- [Goal of the exercise]: Your answer must be an exact copy of the data, without any pictures.

Items from a data source
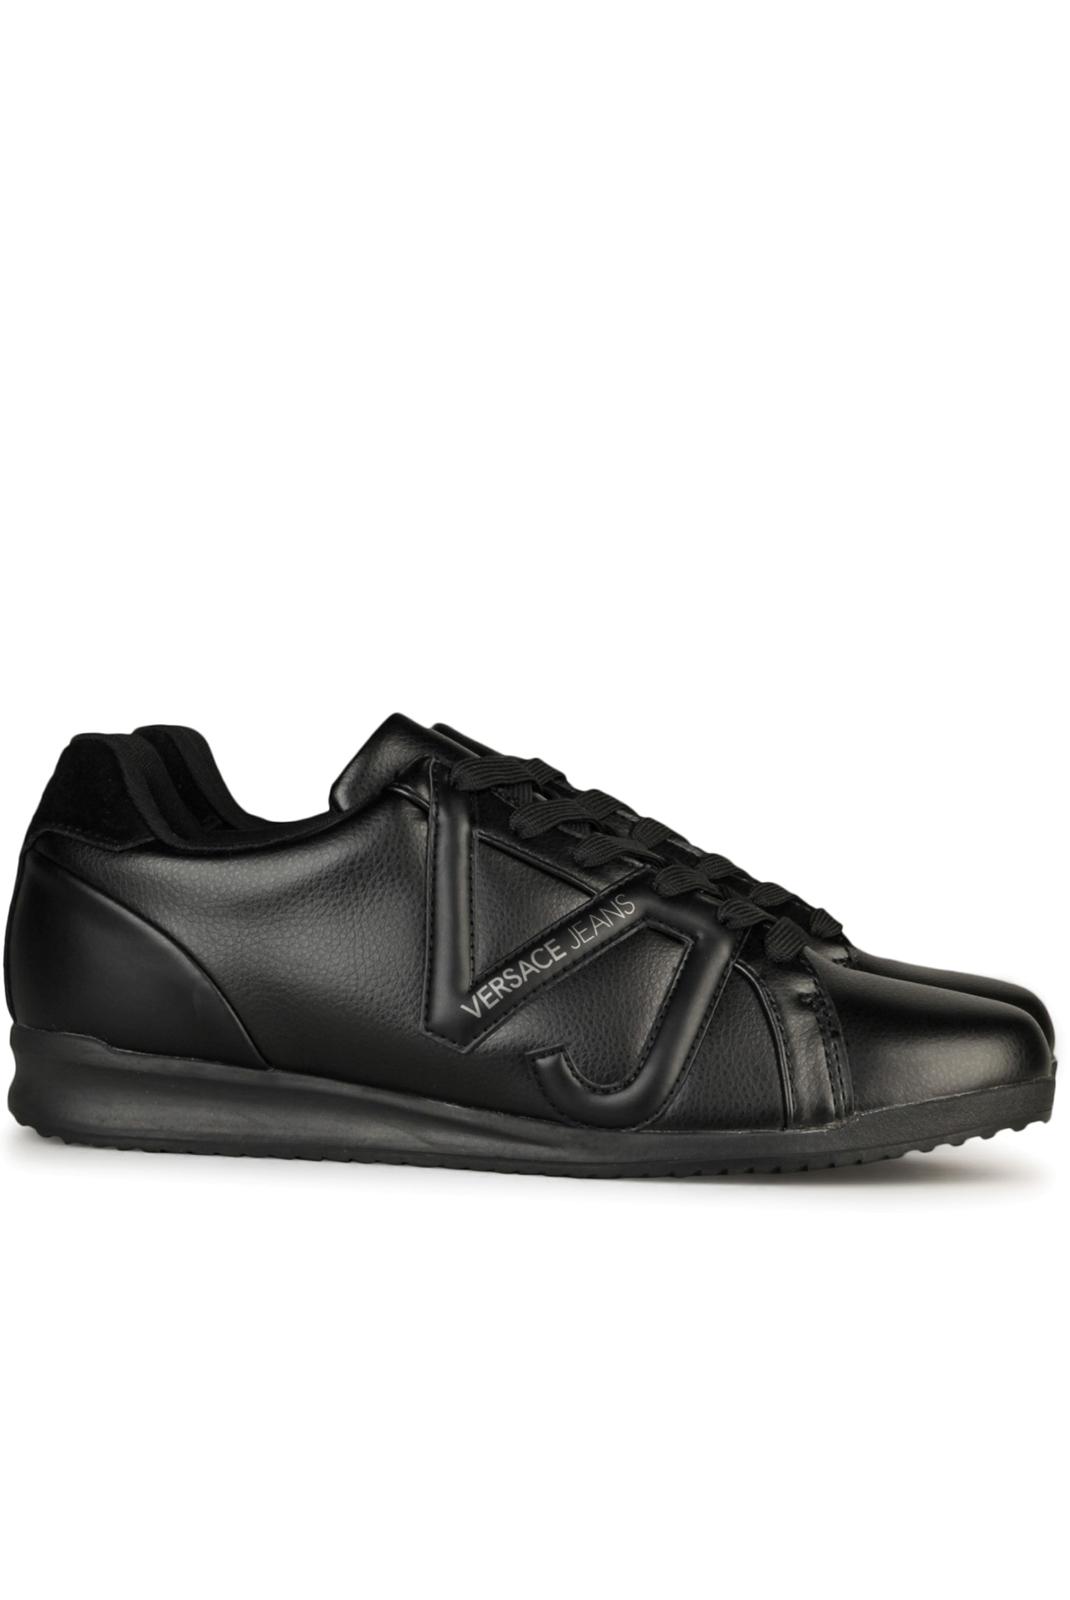 Baskets / Sport  Versace Jeans YSBSC2 899 black
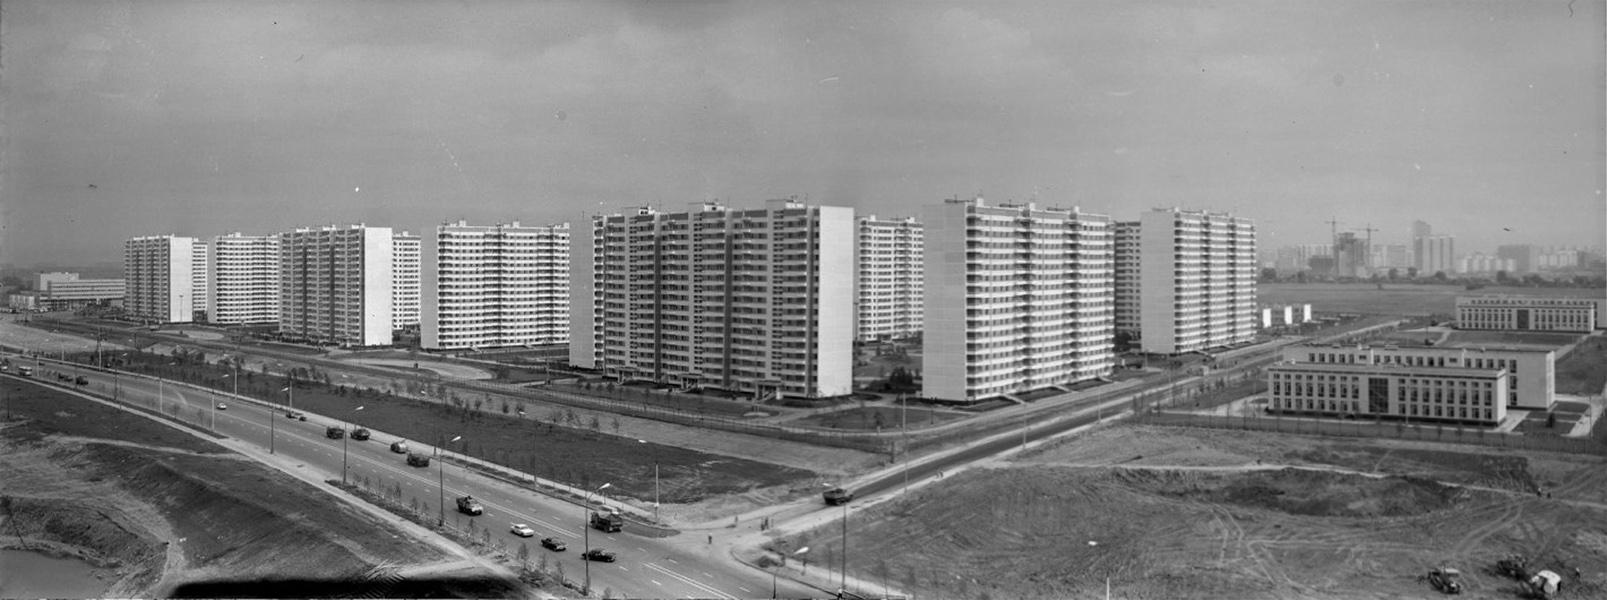 1980 Панорама Олимпийской деревни. Жилой комплекс. Петров Ю.Е.3
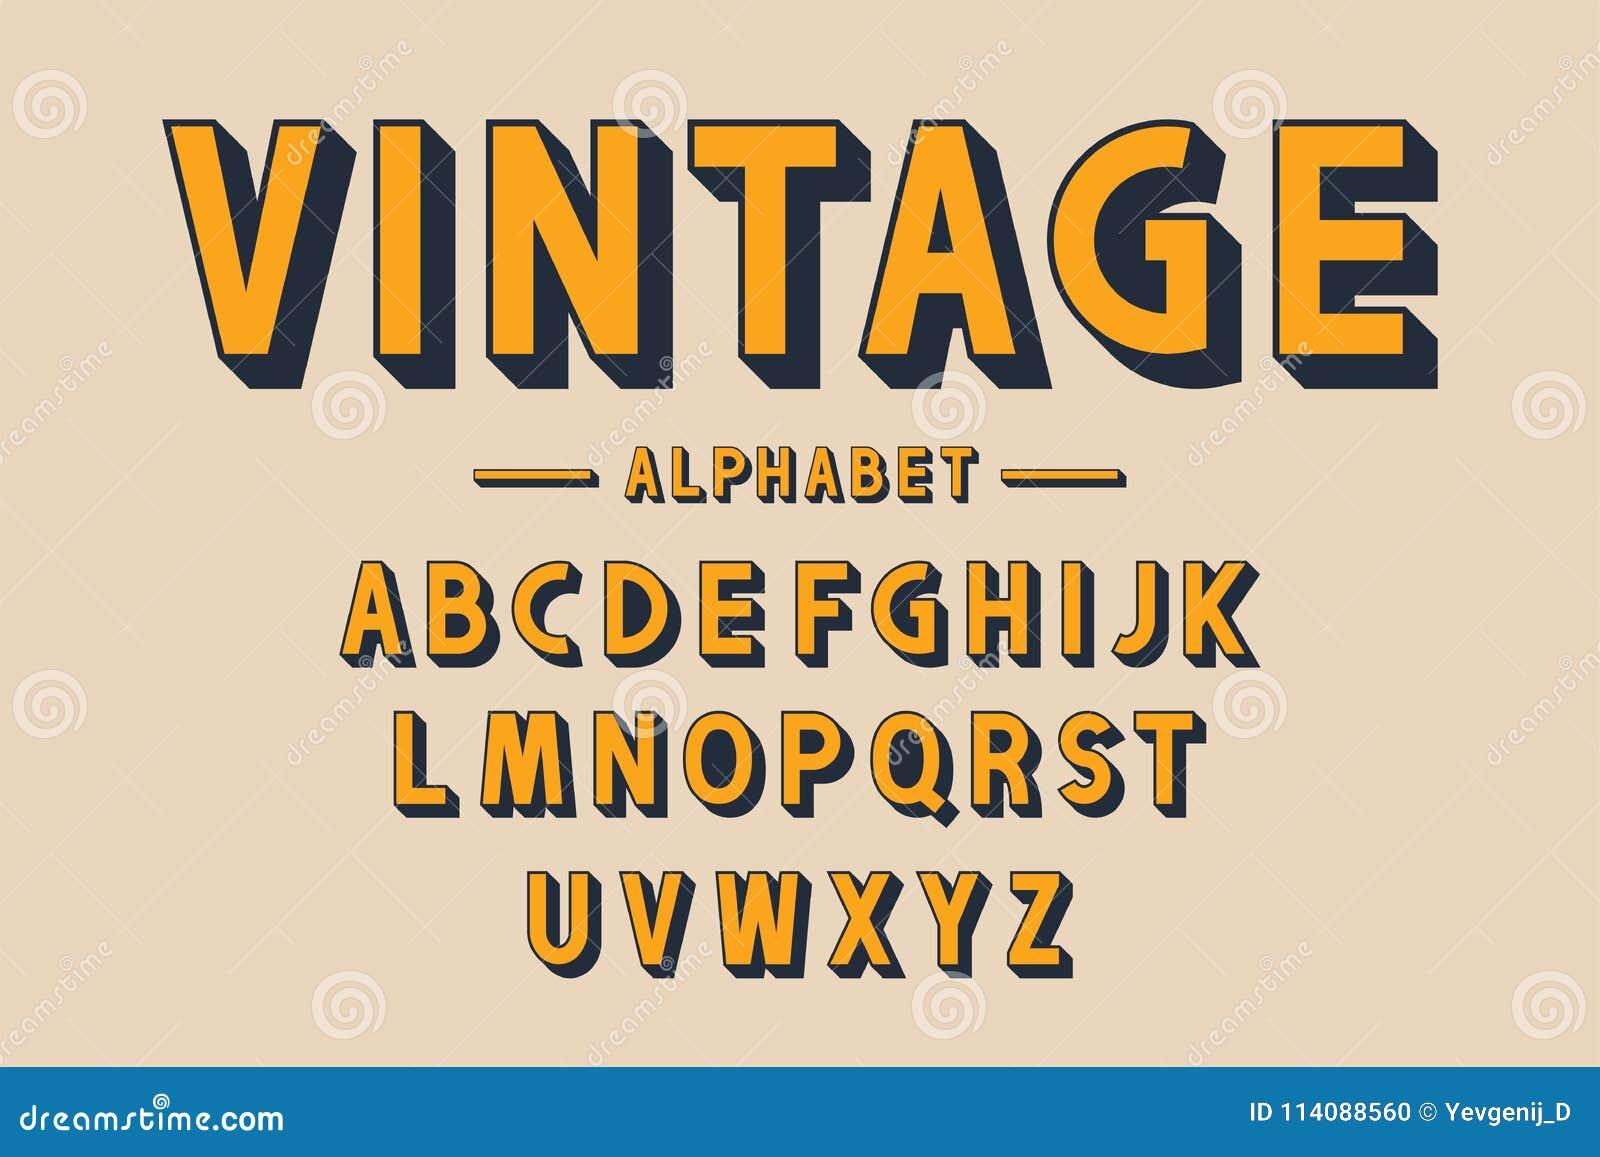 Stark Ansteigend 5 Buchstaben
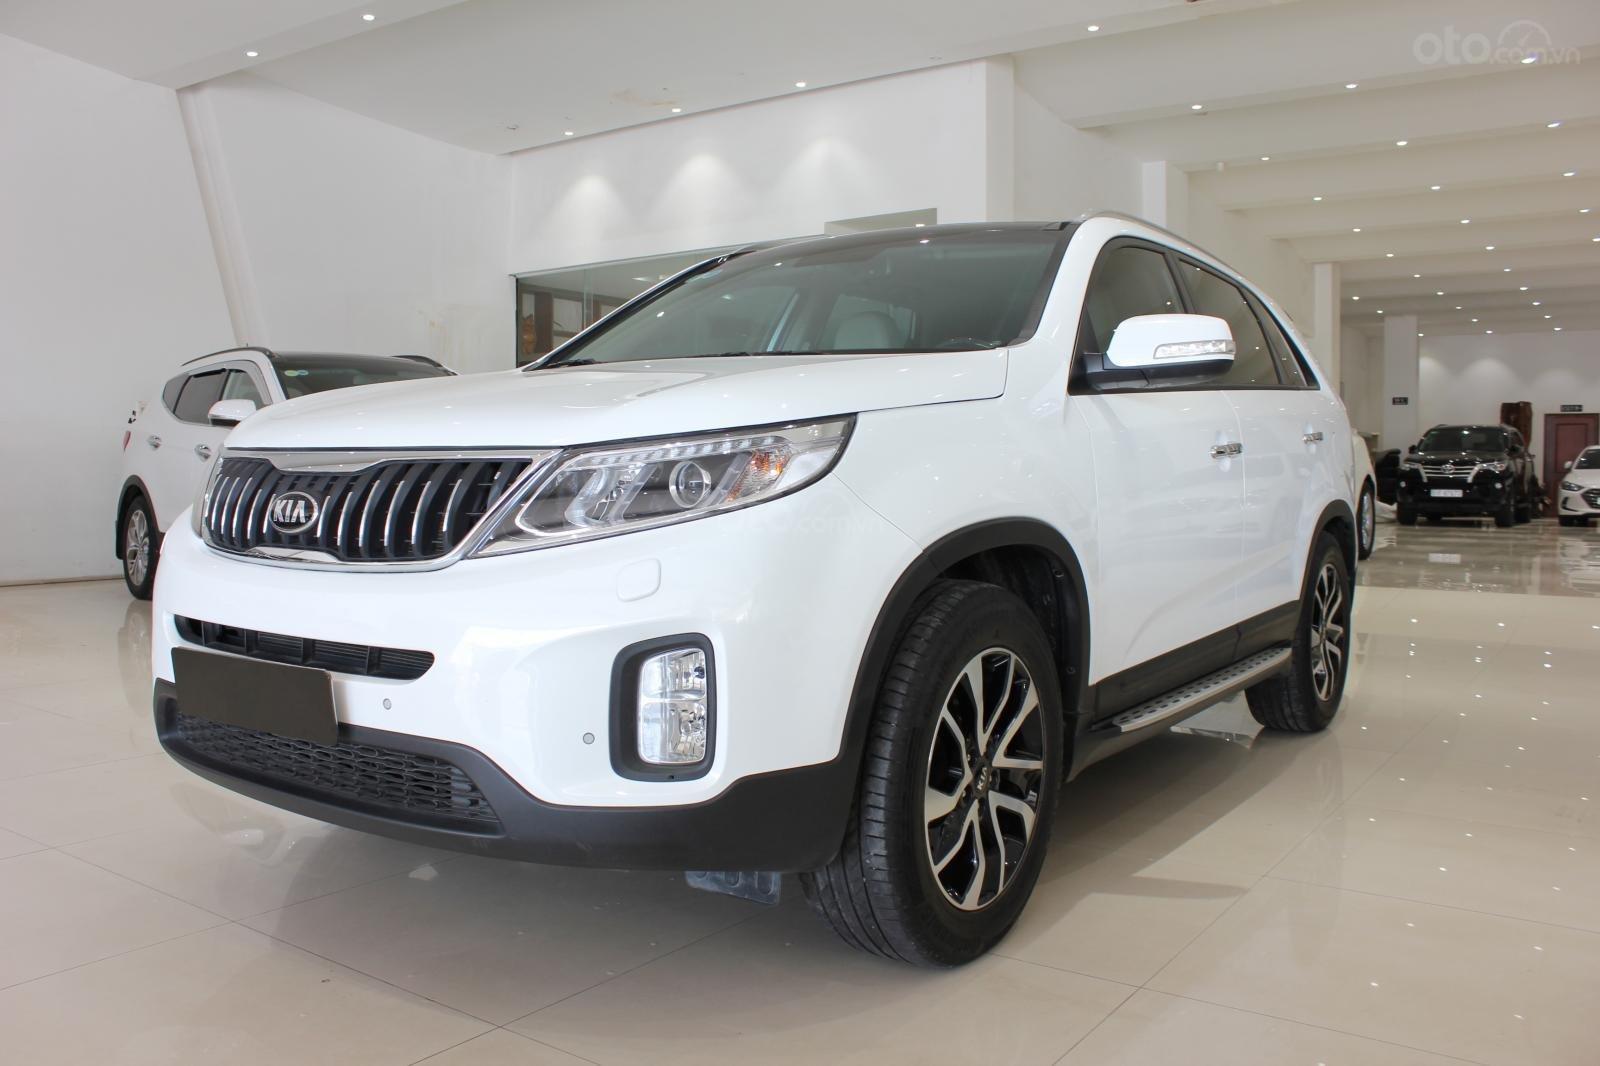 Bán xe Kia Sorento GATH 2.4AT SX 2019, màu trắng, xe đẹp, biển SG 9 nút, giá TL (2)
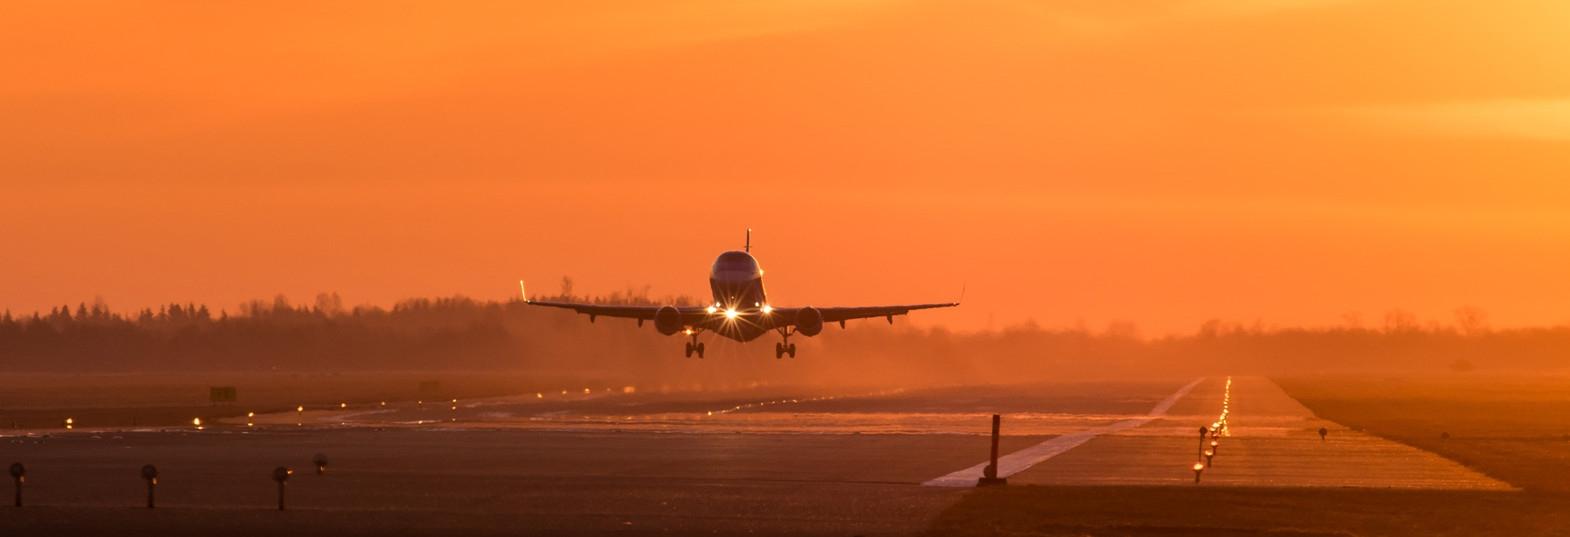 ELAK ja majanduskomisjon arutavad riigiabi reegleid lennunduses

- [Exercise answer]:
 Baskets / Sport  Versace Jeans YSBSC2 899 black
 1980 Панорама Олимпийской деревни. Жилой комплекс. Петров Ю.Е.3
 Stark Ansteigend 5 Buchstaben
 Bán xe Kia Sorento GATH 2.4AT SX 2019, màu trắng, xe đẹp, biển SG 9 nút, giá TL (2)
 ELAK ja majanduskomisjon arutavad riigiabi reegleid lennunduses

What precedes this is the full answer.